Laura Martins Oliveira Santos[1]
23 de maio de 2025
Esta publicação faz parte de uma série especial de análises sobre a 17ª Cúpula dos BRICS, que ocorrerá no Brasil sob a presidência rotativa do país em 2025. Fruto de uma nova parceria entre o Boletim Lua Nova e pesquisadores do Instituto de Relações Internacionais da Universidade de Brasília, esta série visa aprofundar o debate sobre os principais temas, prioridades e desafios que marcarão este importante encontro multilateral.
***
Sob o lema “Fortalecendo a Cooperação do Sul Global para uma Governança mais Inclusiva e Sustentável”, o Brasil assumiu em 2025 a presidência da 17ª Cúpula dos BRICS. O acrônimo BRICS refere-se à coalizão formada por Brasil, Rússia, Índia, China e, desde 2010, África do Sul. Em 2024, o grupo foi ampliado com a entrada de novos países — Arábia Saudita, Emirados Árabes Unidos, Egito, Etiópia e Irã — passando a ser informalmente chamado de BRICS+. Embora o grupo tenha sido originalmente concebido como uma união de potências emergentes voltada para a reforma da governança econômica internacional, sua agenda expandiu-se nos últimos anos, incorporando temas de segurança, cultura, saúde e, mais recentemente, meio ambiente e clima. Esse deslocamento reflete a crescente interdependência entre as agendas de desenvolvimento e sustentabilidade, bem como o reposicionamento estratégico do bloco em um contexto internacional cada vez mais fragmentado e competitivo.

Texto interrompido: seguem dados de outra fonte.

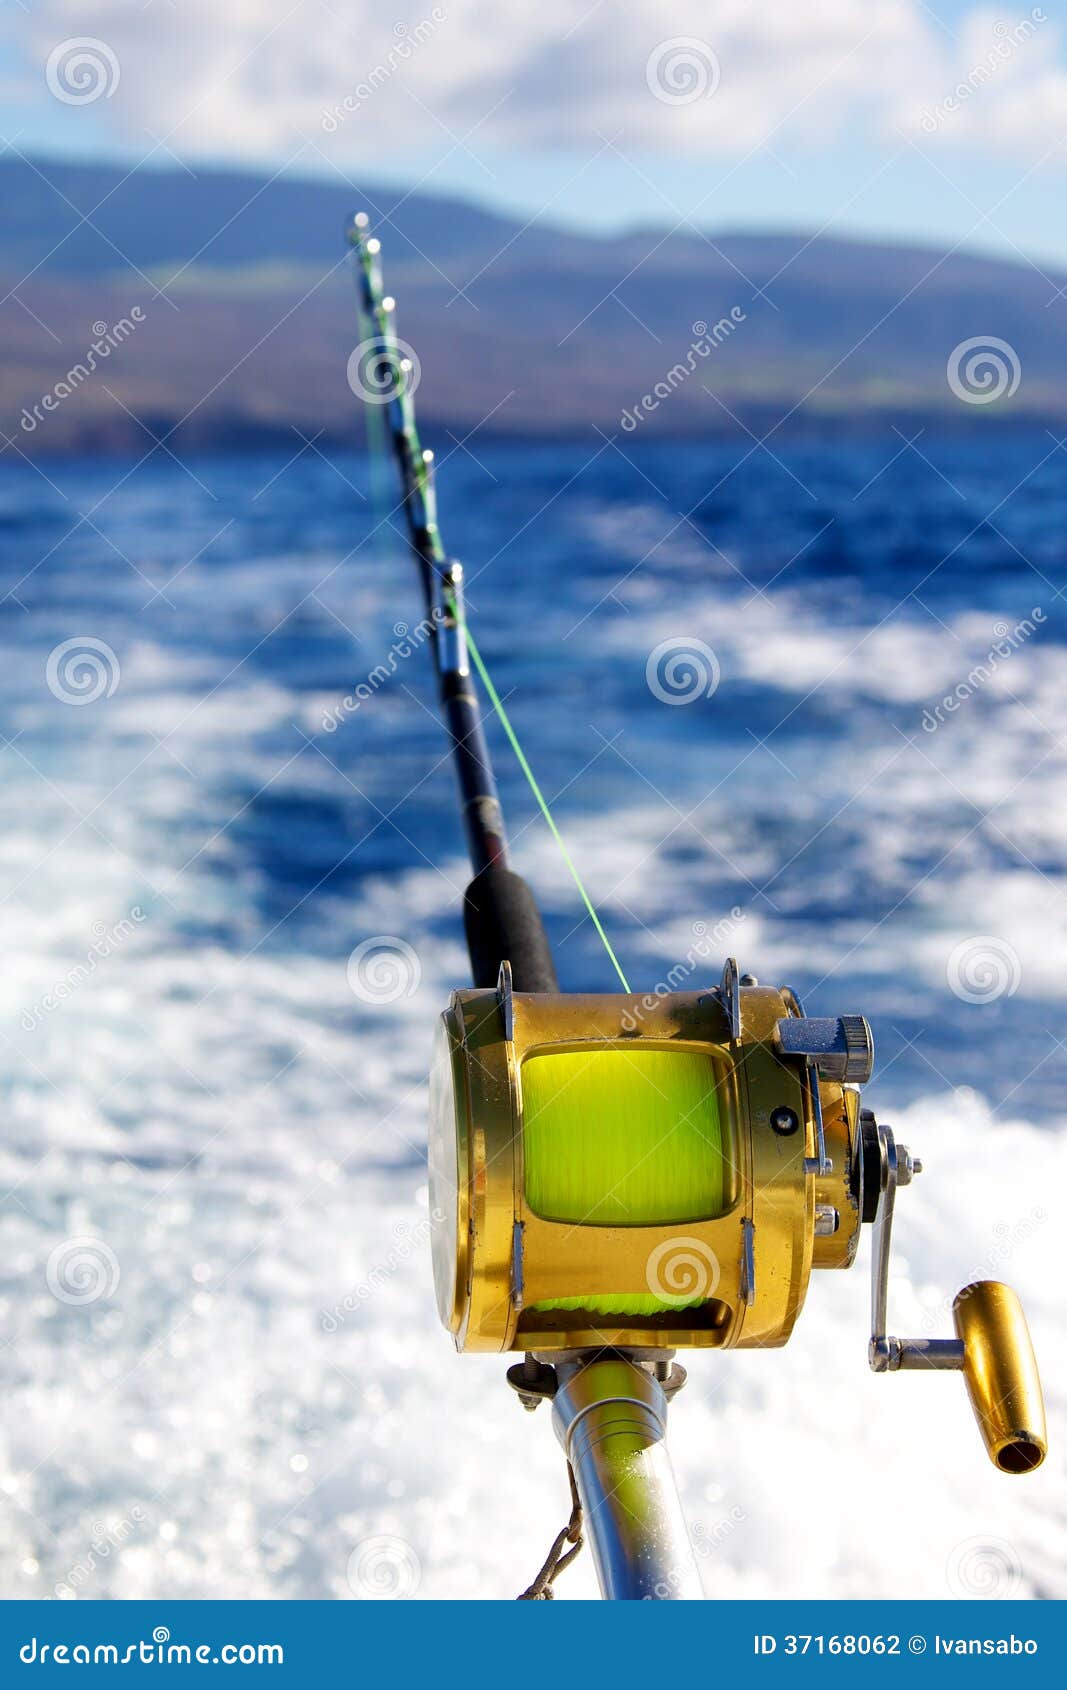 Trolling for big game stock photo. Image of leisure, hawaii - 37168062
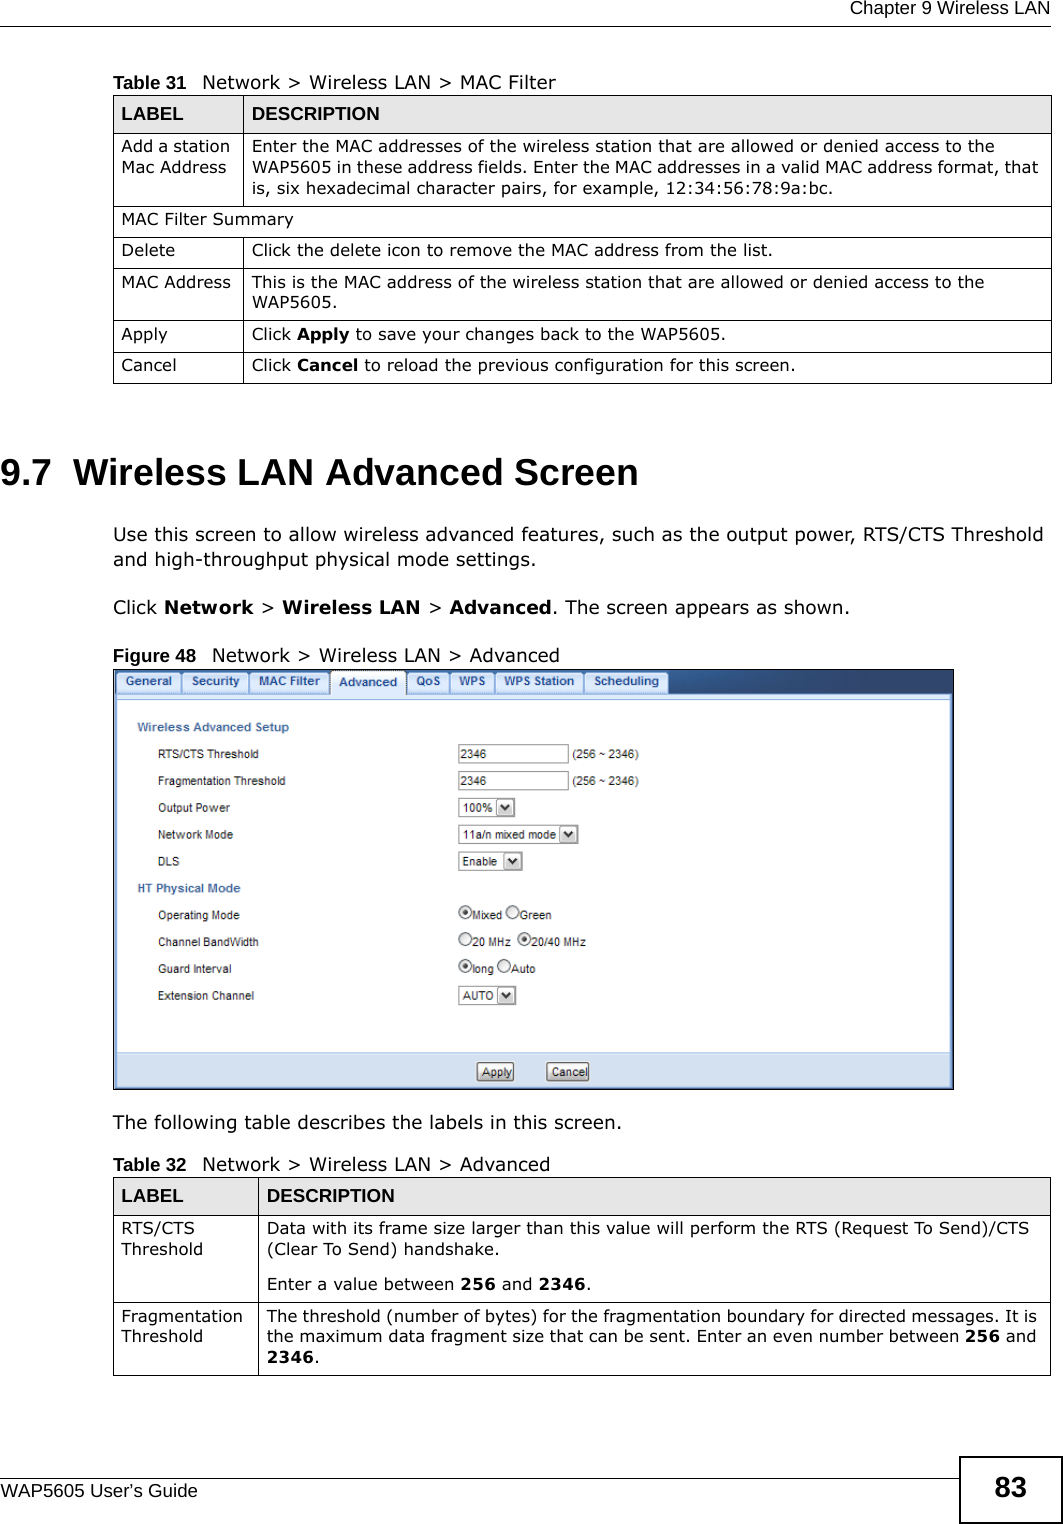  Chapter 9 Wireless LANWAP5605 User’s Guide 839.7  Wireless LAN Advanced Screen  Use this screen to allow wireless advanced features, such as the output power, RTS/CTS Threshold and high-throughput physical mode settings.Click Network &gt; Wireless LAN &gt; Advanced. The screen appears as shown.Figure 48   Network &gt; Wireless LAN &gt; AdvancedThe following table describes the labels in this screen. Add a station Mac AddressEnter the MAC addresses of the wireless station that are allowed or denied access to the WAP5605 in these address fields. Enter the MAC addresses in a valid MAC address format, that is, six hexadecimal character pairs, for example, 12:34:56:78:9a:bc. MAC Filter SummaryDelete Click the delete icon to remove the MAC address from the list.MAC Address This is the MAC address of the wireless station that are allowed or denied access to the WAP5605.Apply Click Apply to save your changes back to the WAP5605.Cancel Click Cancel to reload the previous configuration for this screen.Table 31   Network &gt; Wireless LAN &gt; MAC FilterLABEL DESCRIPTIONTable 32   Network &gt; Wireless LAN &gt; AdvancedLABEL DESCRIPTIONRTS/CTS ThresholdData with its frame size larger than this value will perform the RTS (Request To Send)/CTS (Clear To Send) handshake. Enter a value between 256 and 2346. Fragmentation ThresholdThe threshold (number of bytes) for the fragmentation boundary for directed messages. It is the maximum data fragment size that can be sent. Enter an even number between 256 and 2346.

No campo ambiental, a presidência brasileira tem buscado articular uma agenda ambiciosa centrada na integração da governança climática ao regime internacional que rege o tema — marcado por uma multiplicidade de atores, normas e arenas decisórias. Nesse contexto, o BRICS atua como um polo normativo alternativo, buscando contestar a centralidade de mecanismos dominados pelo Norte Global. A aposta brasileira se insere, portanto, numa estratégia de afirmação diplomática baseada no Soft Power ambiental e na liderança do Sul Global em iniciativas de financiamento, resiliência e transição justa.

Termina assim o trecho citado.